What you're learning: The distinction between events and commands is subtle but crucial. This exercise forces you to think about who initiates the action, whether it can fail, and how many consumers need to react. Notice how some items could be modeled either way depending on your system's needs.

Prompt 2: Evaluate Consistency Requirements

I'm building a ticket booking system for concerts. When someone books
a ticket, I need to:
- Reserve the seat
- Charge their credit card
- Send confirmation email
- Update the venue's available seat count

Which of these require strong consistency? Which can be eventually
consistent? Design the flow showing which are synchronous and which
use events.

What you're learning: Real systems mix consistency models. You'll discover that seat reservation might need synchronous locking (to prevent overselling), while email and analytics can be async.

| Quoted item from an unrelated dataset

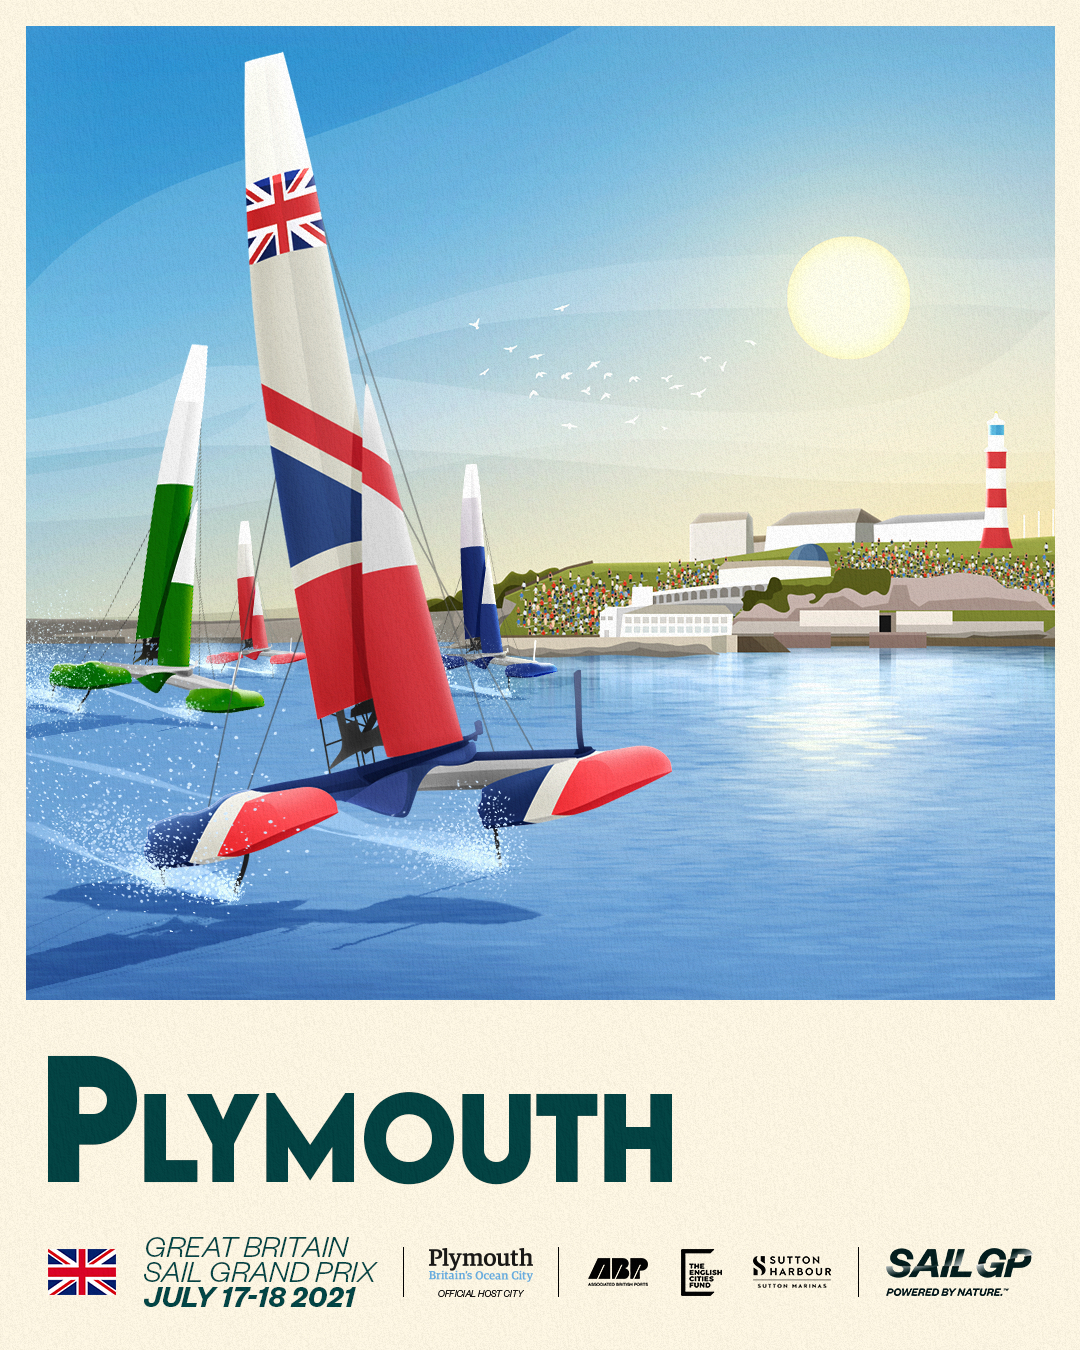 Sail GP Great Britain Sail Grand Prix Plymouth event poster
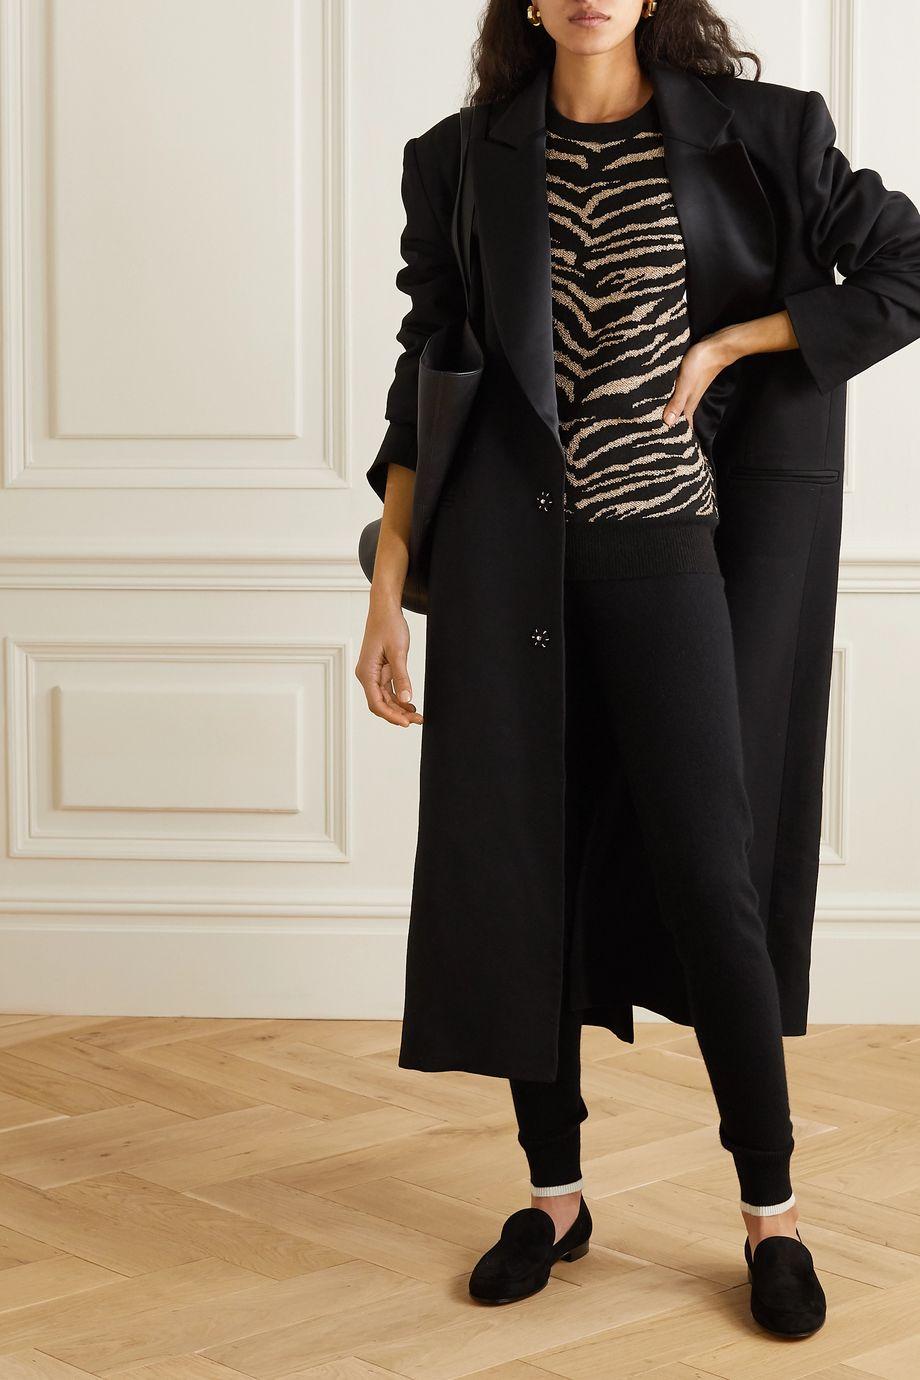 Madeleine Thompson Juno metallic tiger-intarsia wool and cashmere-blend sweater

This is the judgment call you'll make repeatedly in distributed systems.

Prompt 3: Design Event Schemas

I have a task management API. When a user creates a task, multiple
services need to react:
- Notification service sends email
- Audit service logs the action
- Analytics service tracks metrics
- Reminder service schedules alerts

Design the TaskCreated event schema. What fields should it include?
What should it NOT include? How do you ensure the event is useful
to all consumers without being coupled to any specific consumer's needs?

What you're learning: Event design is about finding the right level of abstraction. Include too little and consumers can't do their job. Include too much and you're coupling to consumer needs. This exercise helps you find the balance by thinking about what genuinely represents "task was created" versus "what notification service needs."

Safety Note

When designing event schemas, remember that events become contracts. Once consumers depend on a field, removing or changing it breaks them. Start with minimal events and add fields carefully. Schema evolution (covered in Lesson 10) provides patterns for safe changes, but prevention is better than migration.